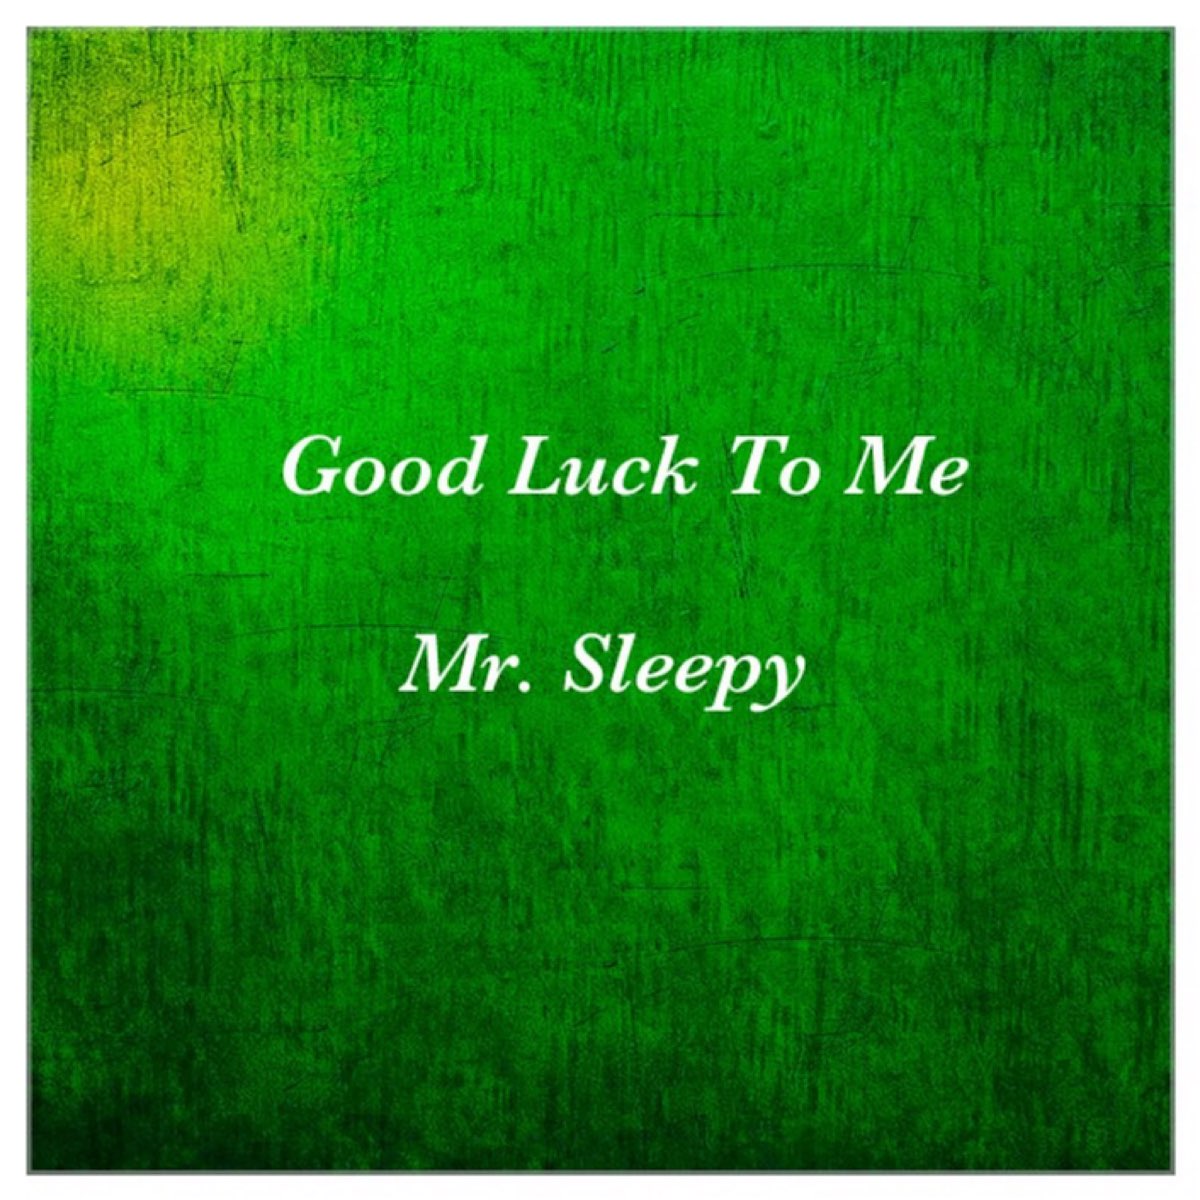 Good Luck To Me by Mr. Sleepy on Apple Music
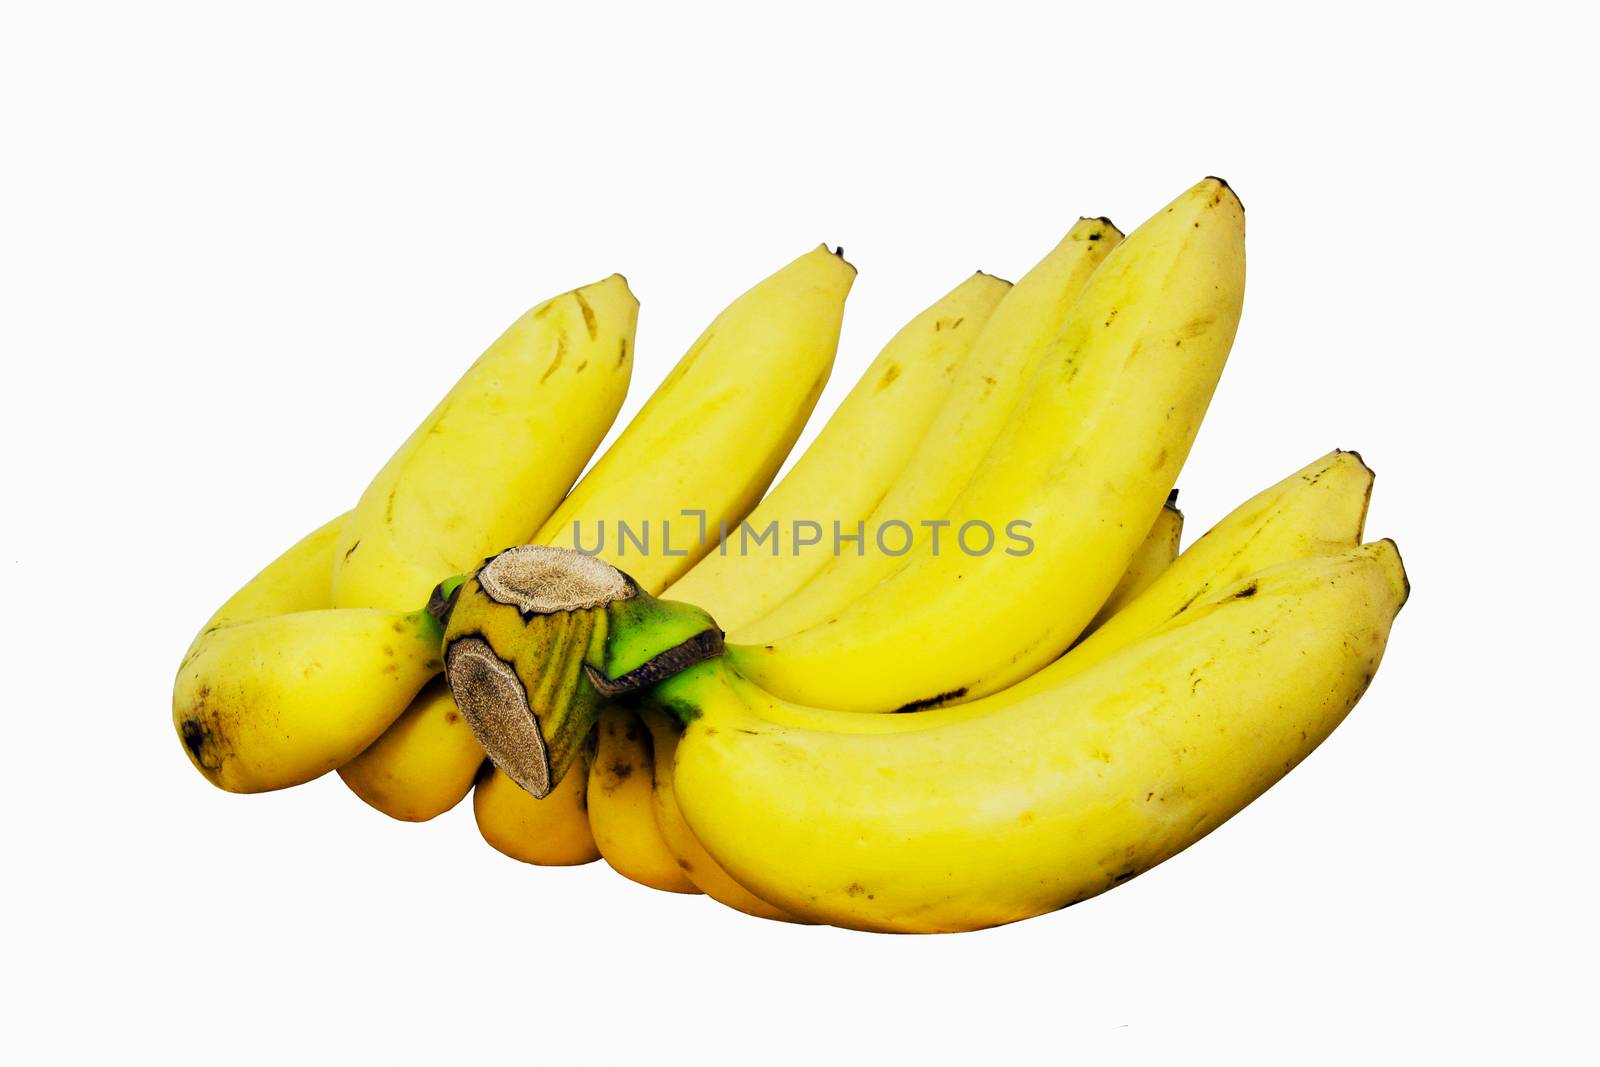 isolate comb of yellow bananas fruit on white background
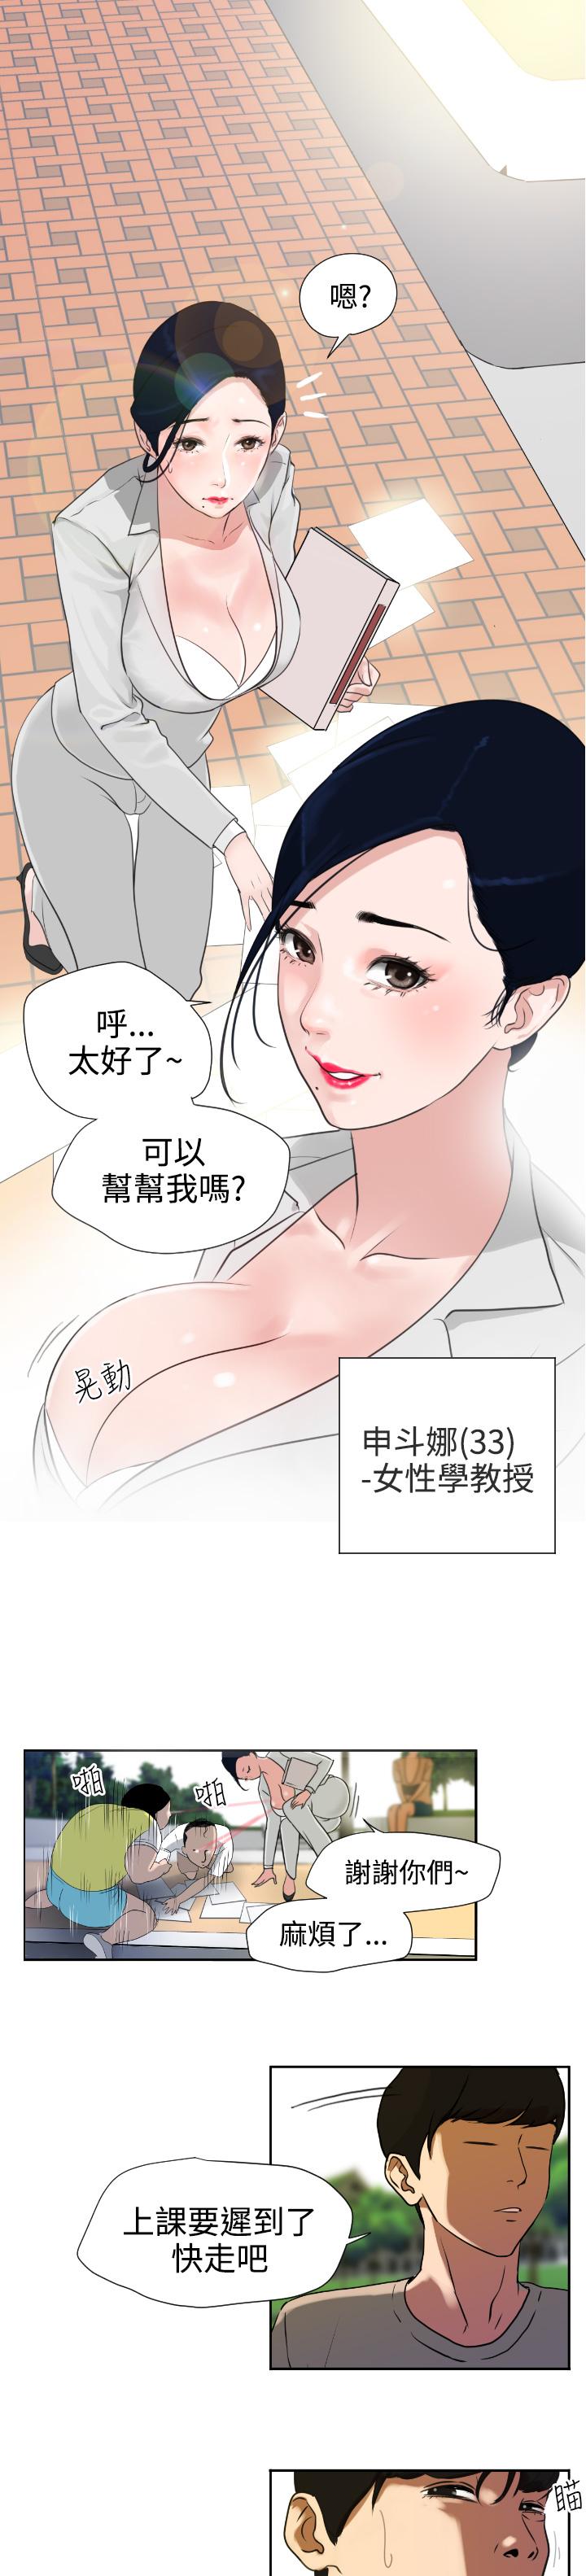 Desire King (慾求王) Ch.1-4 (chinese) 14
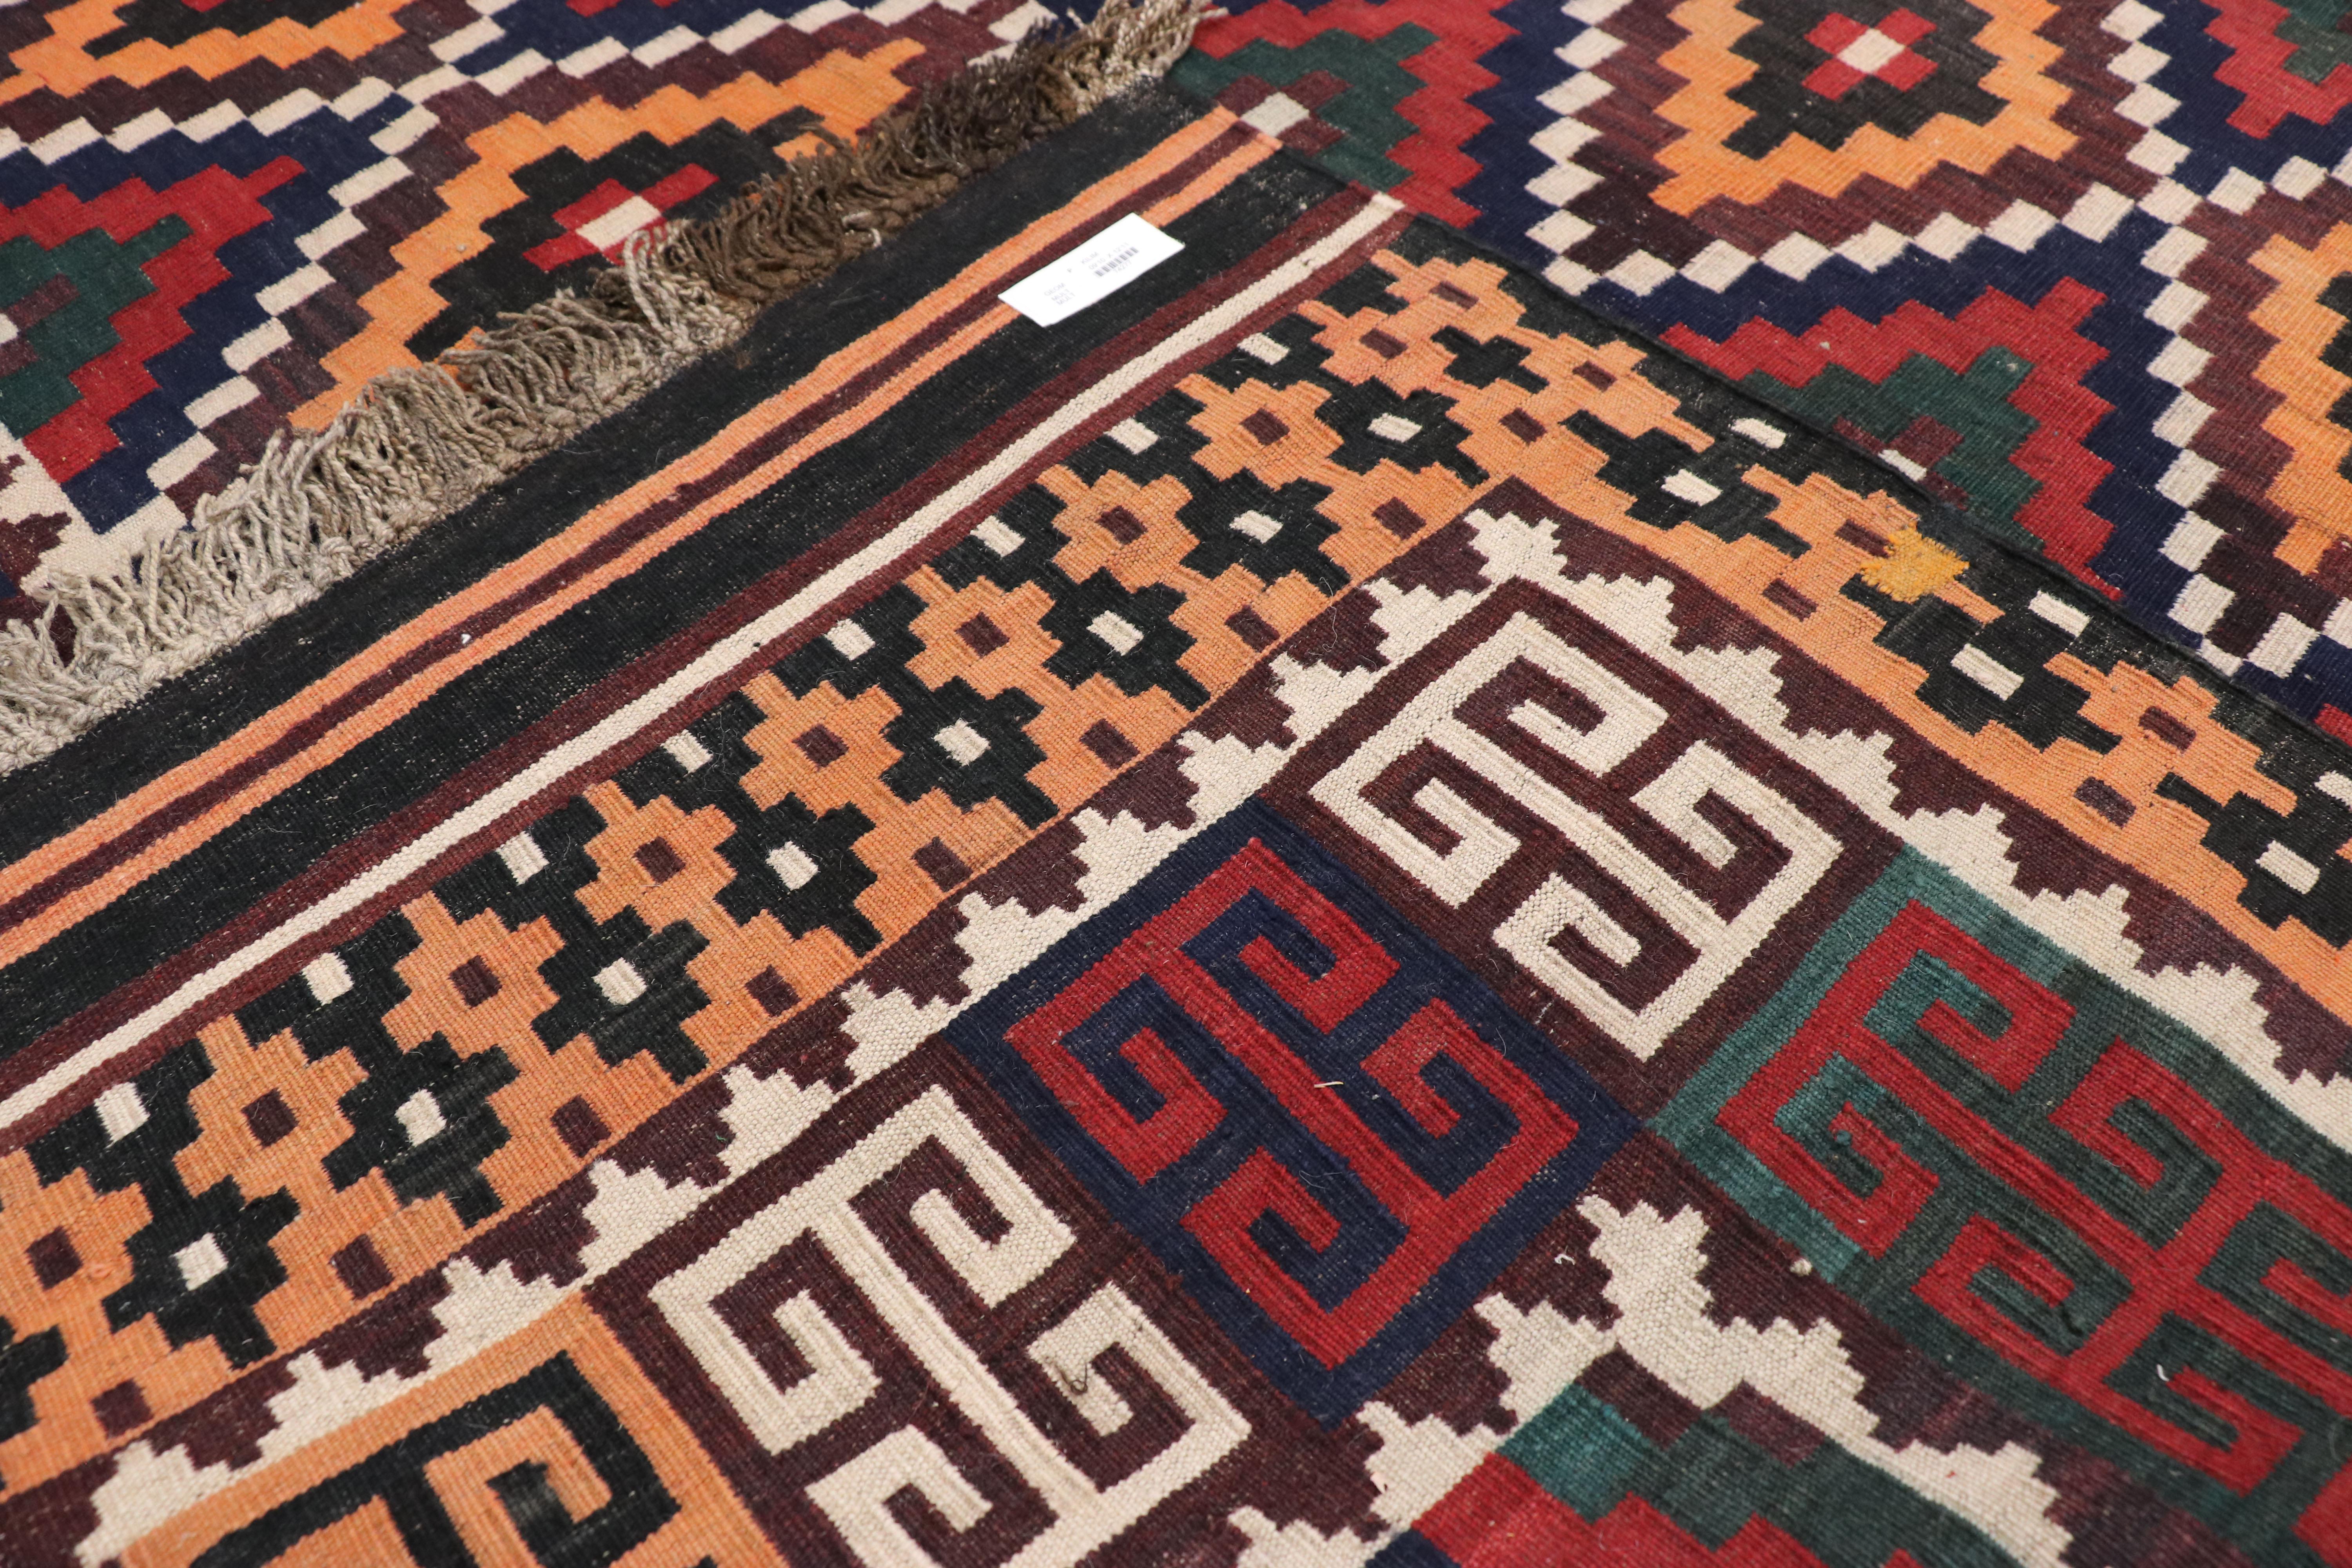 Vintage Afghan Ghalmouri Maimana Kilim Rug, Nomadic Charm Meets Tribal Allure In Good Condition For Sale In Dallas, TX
----------------------------------------
**REQUIRED ACTION**
Transcribe each line above verbatim, with the pictures left out.

**COMPLETED TASK**
 Good Luck To Me by Mr. Sleepy on Apple Music
 isolate comb of yellow bananas fruit on white background
 Desire King (慾求王) Ch.1-4 (chinese) 14
 Vintage Afghan Ghalmouri Maimana Kilim Rug, Nomadic Charm Meets Tribal Allure In Good Condition For Sale In Dallas, TX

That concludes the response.